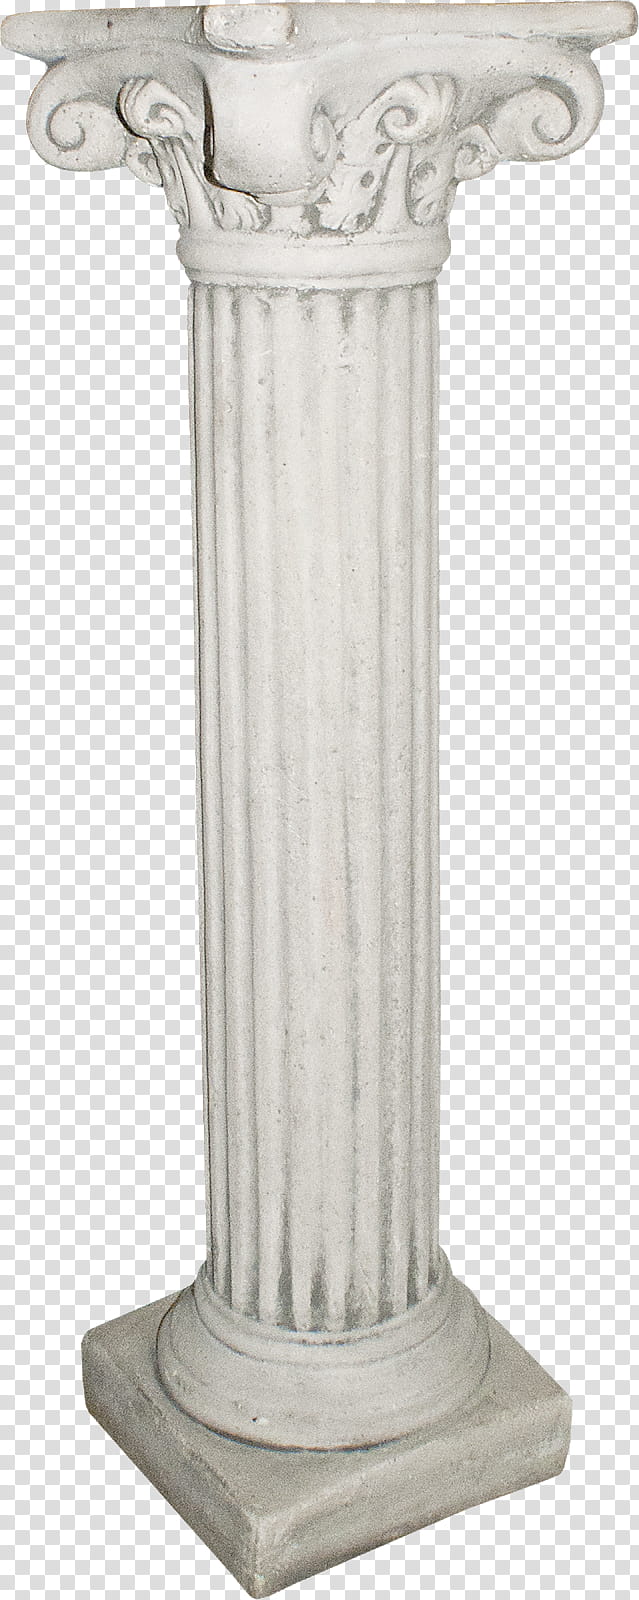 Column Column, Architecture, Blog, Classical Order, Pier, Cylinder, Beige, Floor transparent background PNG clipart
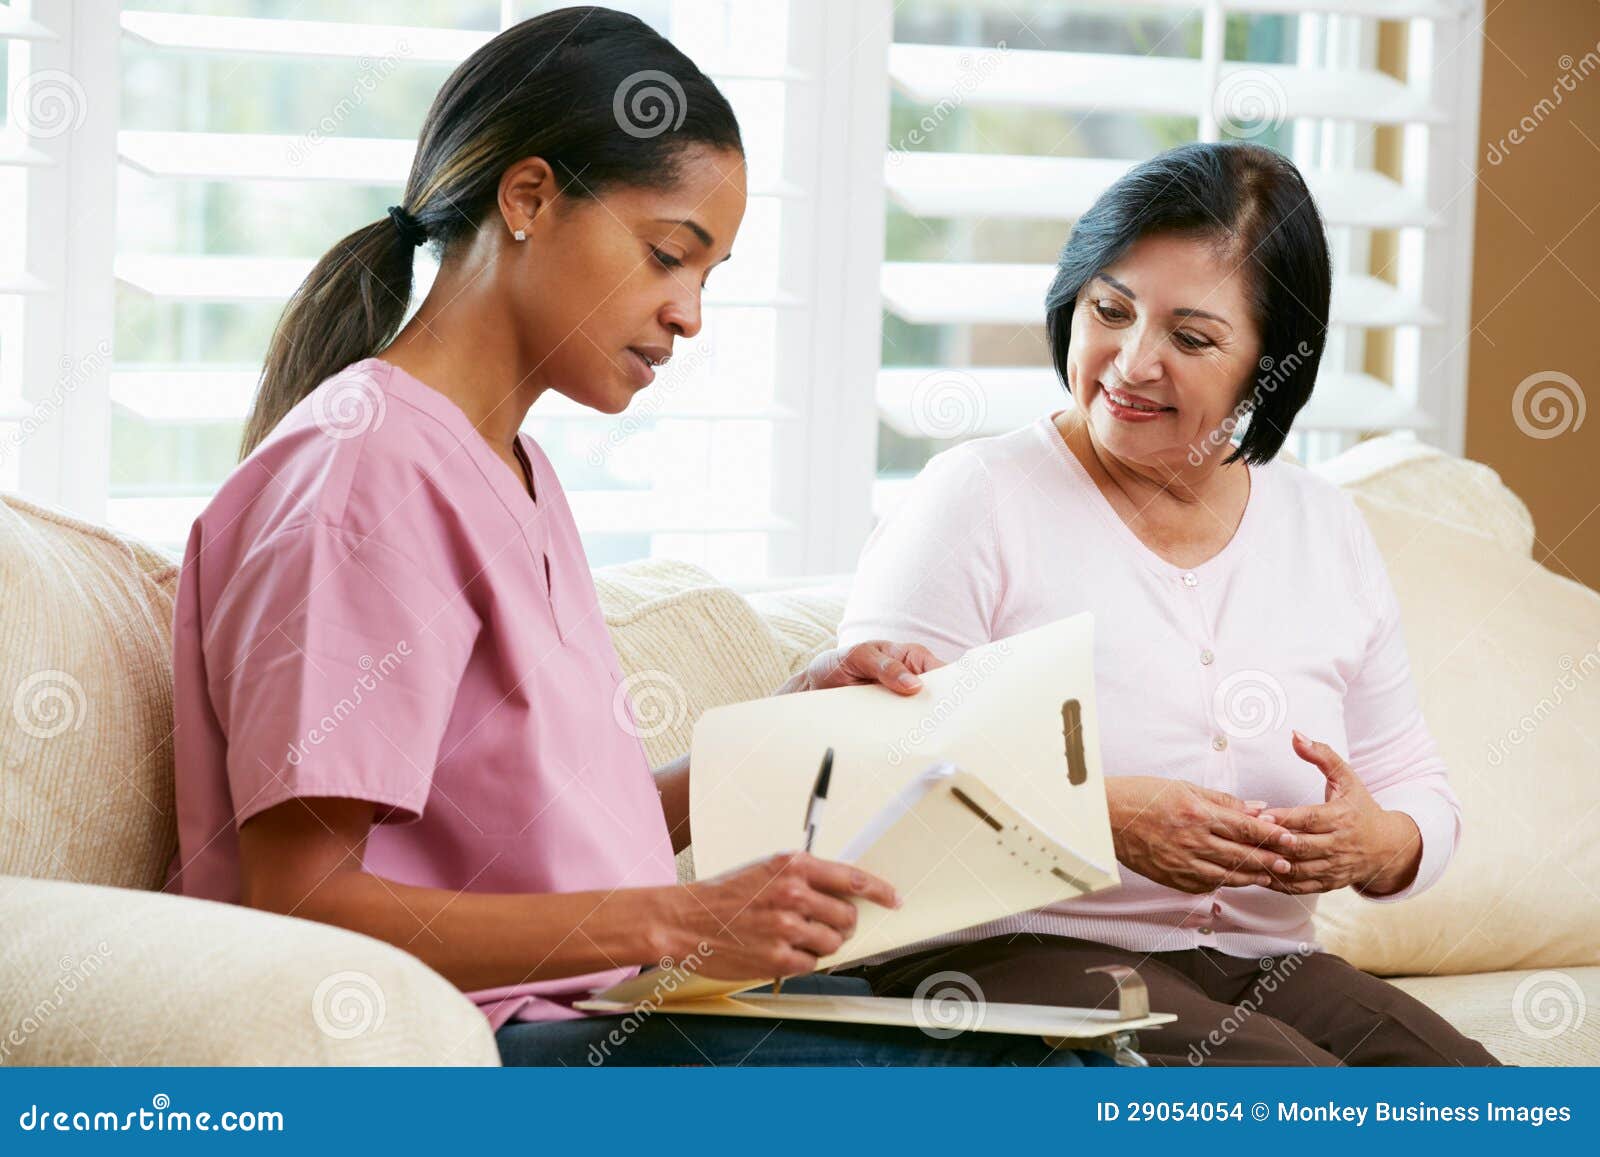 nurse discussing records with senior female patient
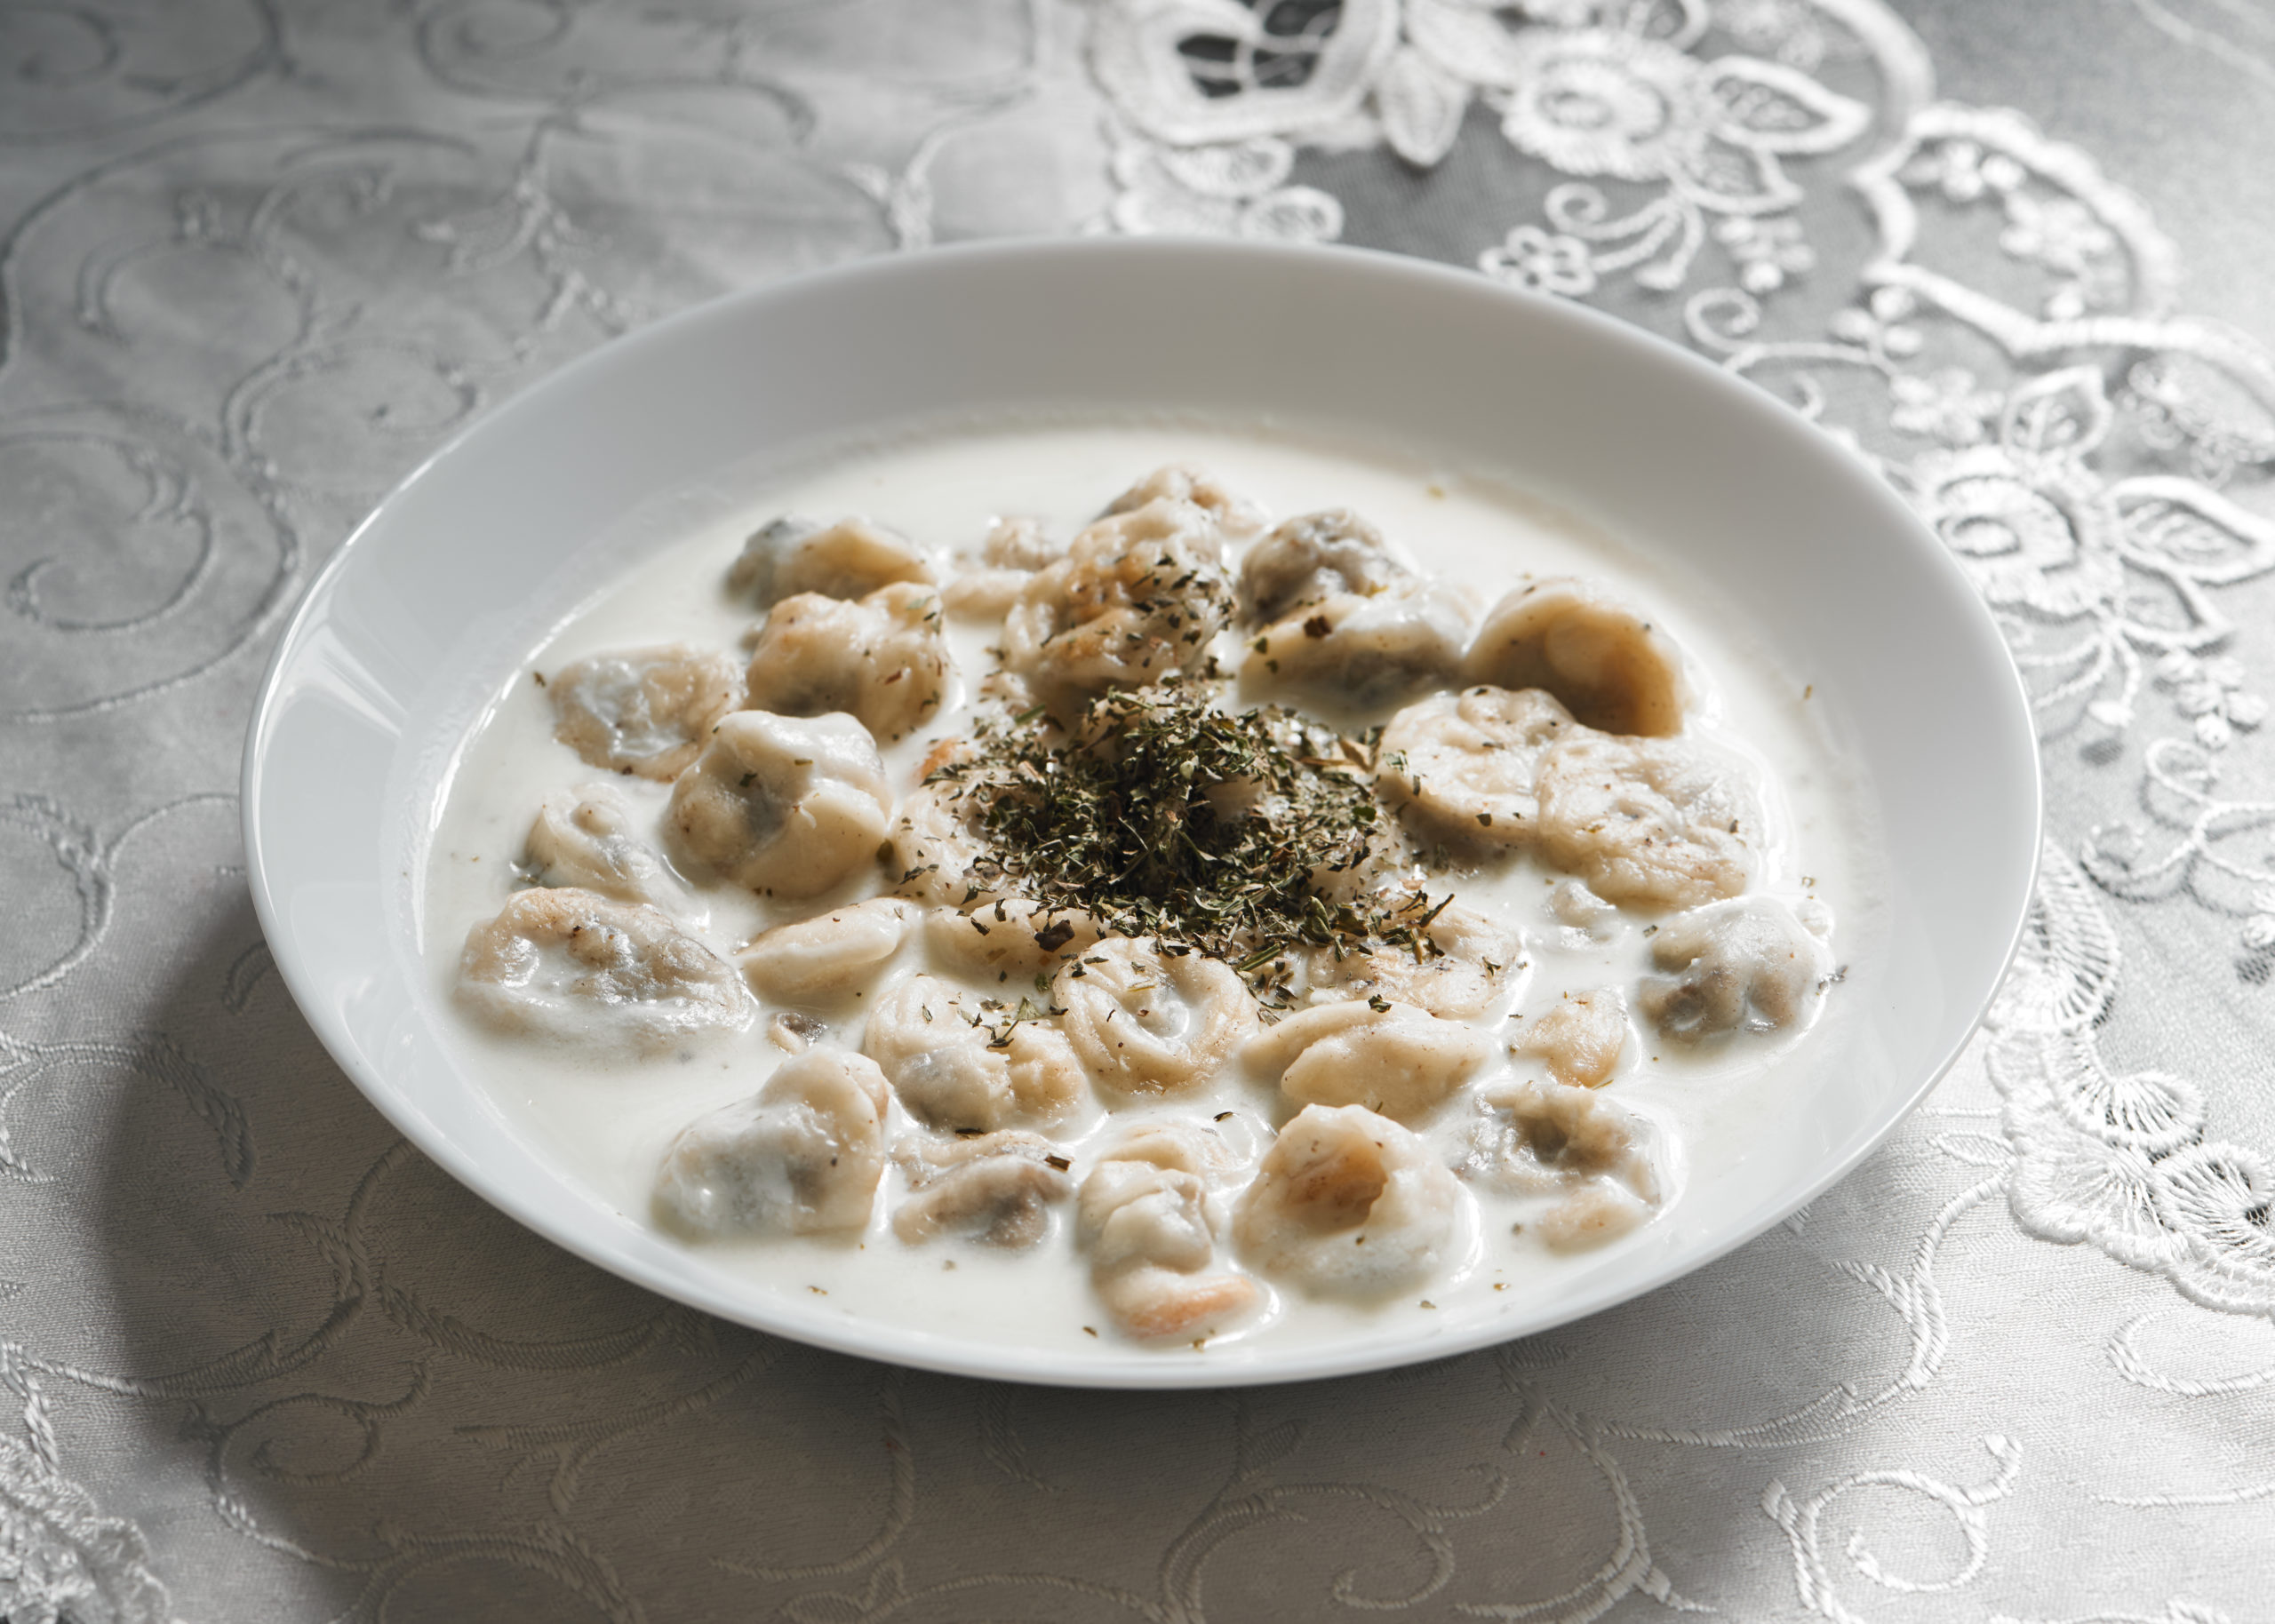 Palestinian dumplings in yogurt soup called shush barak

■ Directions
Set down exactly the lines between the one with "nurse discussing records" and the last line of the material above, both included, but none of the pictures.

■ Response for this exercise
 nurse discussing records with senior female patient
 Palestinian dumplings in yogurt soup called shush barak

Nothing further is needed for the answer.